Красовскому в тот же вечер он сказал, что у него красивая жена.
– Волька, как ты ее уговорил? Она очень сердилась?
На другой день он слушал доклад о литературном быте, покупал туфли, отправился в баню, но баня была закрыта. Потом было еще что-то или очень многое, он ходил с Эльзой покупать шампанское, ругался на кинофабрике с одним из директоров и сказал Тюфину, что от его последнего романа песок скрипит на зубах.
И вот наступил третий день – висит лампа со стекляшками. Качаются в зеркале оконные занавески. Стоит кровать. На кровати лежит женщина. В измятом платье.

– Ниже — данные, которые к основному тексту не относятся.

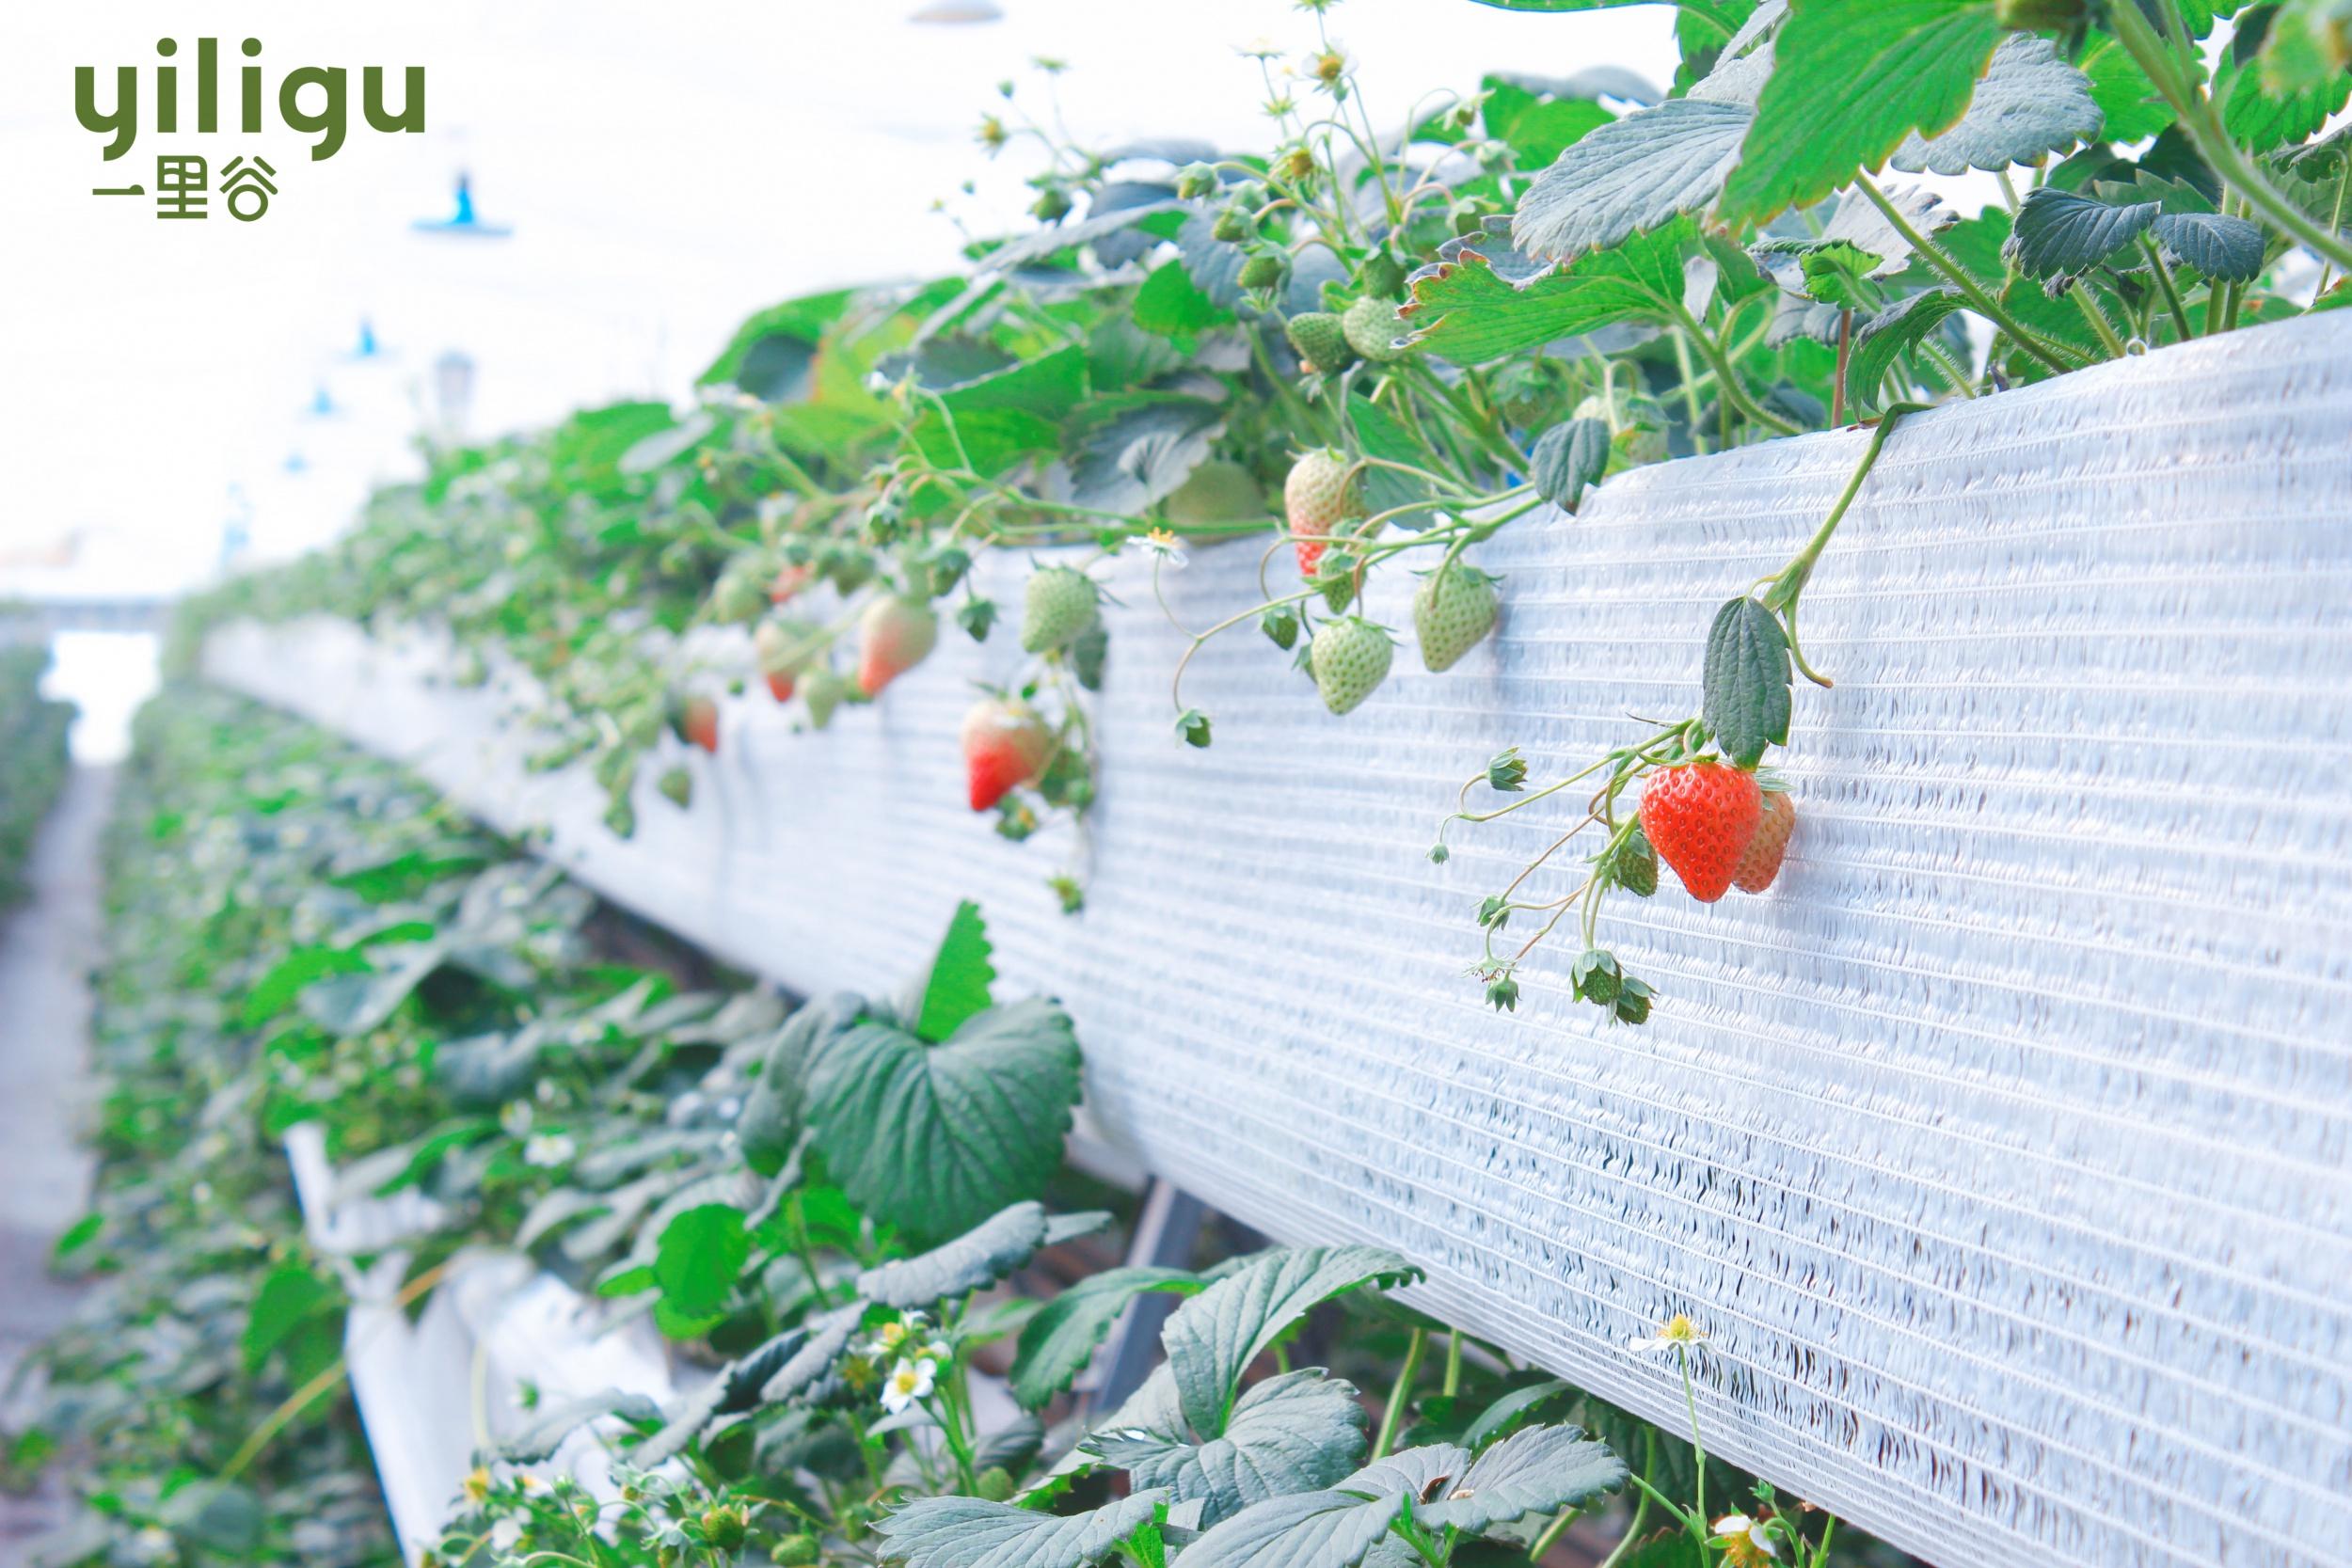 草莓全產業鏈安全管控及清潔化生產技術

А над ней – бархатная скатерть, которую и он повесил криво.
Он почувствовал отчаянье. Чужой матрац! Чужая женщина, которую он почти не знает! Следовало бы сказать ей хоть несколько слов, но у него сил никаких не было.
Он изменял друзьям, как женщинам, все-таки любя их. Но с женщинами он все-таки старался не изменять друзьям. Она была Волькиной женой – следовало оставить ее в покое.
Он уже шлялся по комнате, подтанцовывая, трогал руками вещи. Пейзаж, висевший над письменным столом, он перевернул вверх ногами.
– Эта картина так долго висит над Волькиным столом, что грозит сделаться литературным бытом.
Эльза смеялась. Спустя четверть часа она позвала его завтракать.
Он сам взялся разливать чай и сделал это с ловкостью, которой позавидовала бы любая хозяйка. В двадцатый раз он показал ей свои туфли.
– Хорошие? – спросил он быстро. – Вчера купил у одного сапожника. Не заметил, что приехал из Москвы без подошв. Все магазины были закрыты. Двадцать восемь. Дорого?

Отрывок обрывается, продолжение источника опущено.